Learning factories allow students to develop key competencies for Industry 4.0, for instance, by allowing training in realistic manufacturing environments, making the learning process more modern and practical, adopting new manufacturing knowledge and technology and stimulating talent-based innovation and creativity (Abele et al. 2015). Learning factories have shown a better performance in the development of skills and acquisition of knowledge than traditional approaches (Baena et al. 2017). In Learning Factories, research problems are identified or reviewed and solutions verified with lower costs and complexity than in real factories, and so they are frequently used as validation settings. Companies pursue to deal with the newest technologies and latest know-how, and learning factories offer high potential for display and innovation transfer (Tisch and Metternich 2017).

An example of learning factory, implementing several technologies in the Industry 4.0 vision and with a strong experiential learning approach is presented in (Elbestawi et al. 2018). This LF provides a modern design and resources such as simulation, prototyping, manufacturing processes, including 3D metal printing resources, and automated assembly and testing systems. In (Prinz et al. 2016) a variety of learning modules for the smart factory in Industry 4.0 are presented. The individual targets pursued are: working with high amounts of data, using new methods and technologies, and understanding the new human role and organizational structures in the manufacturing process. Another related work which seeks to make the Industry 4.0 paradigm more tangible using the LF approach, is presented in (Erol et al. 2016), where an Industry 4.0 Pilot Factory is planned. Authors have created a ‘problem-competency cube’ which is used as a basis for the development of problem-specific competencies and educational formats, for instance, in problem-oriented cases and practical training. In (Schallock et al. 2018), the design of a LF for Industry 4.0 that addresses the increasing demand for future skills of production staff is described. Its conceptual design tackles theoretical and practical parts, without forgetting the educational concept. Practical tasks include the introduction of smart devices, connection of information flows and performance monitoring. A common aim of most LF approaches is the hands-on qualification of the users.

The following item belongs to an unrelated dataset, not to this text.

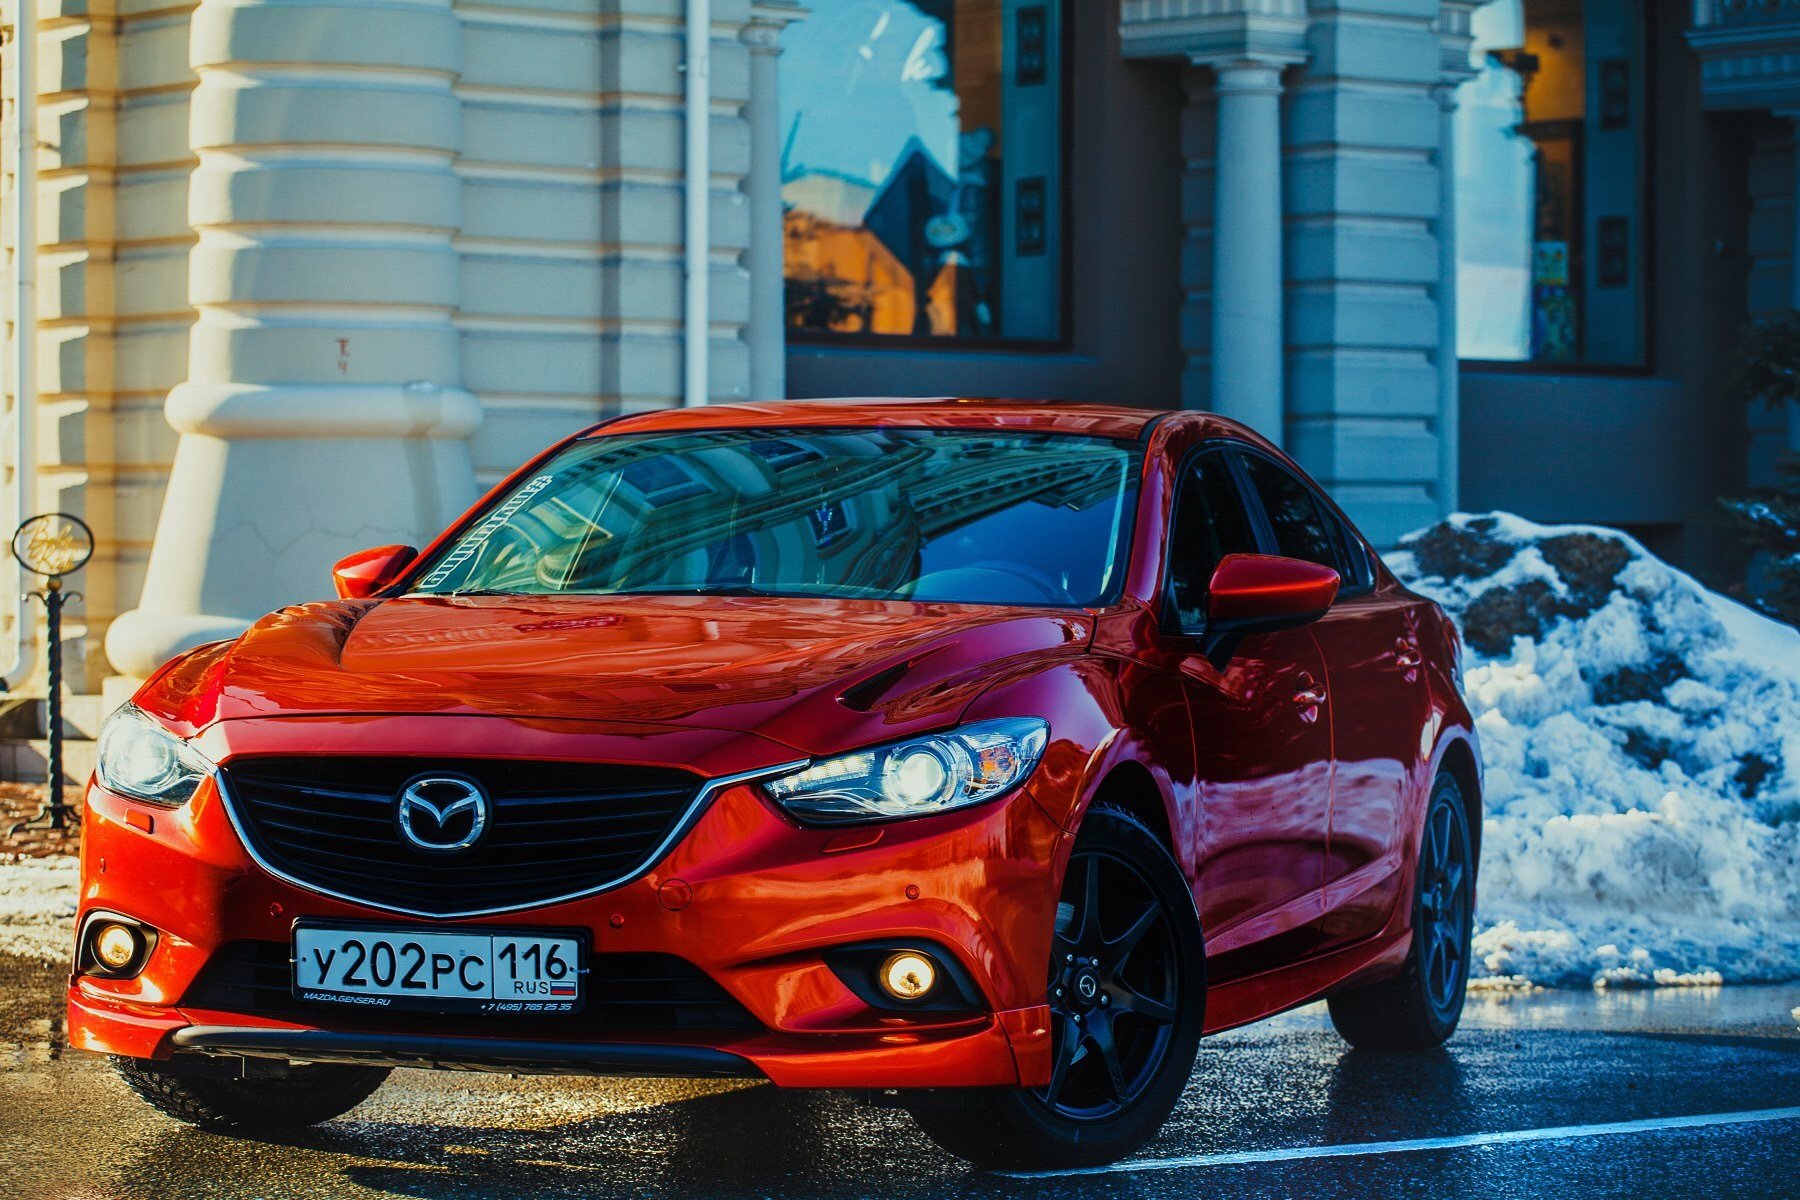 Red mazda. Mazda 6 Red. Мазда 6 красная. Мазда 6 алая. Мазда 6 2016 красная.

An environment for education on Industry 4.0 was presented in (Fuertes et al. 2021). It is based on an industrial pilot plant that incorporates several enabling technologies and has been used for training in the field of process control. In this paper, this research line is continued. One contribution is the proposal of a set of guidelines to update industrial systems to the Industry 4.0 paradigm. Following these guidelines, a demonstration model on Industry 4.0 for manufacturing industry has been developed, which is based on a flexible manufacturing cell. Besides, this work combines different technologies such as automation, virtual and augmented reality, cybersecurity, system integration, robotics, data storage and cloud computing. Another contribution is to provide realistic hands-on experiences to the students involving these novel technologies. The final aim is to enhance their training process, preparing students better for Industry 4.0 era.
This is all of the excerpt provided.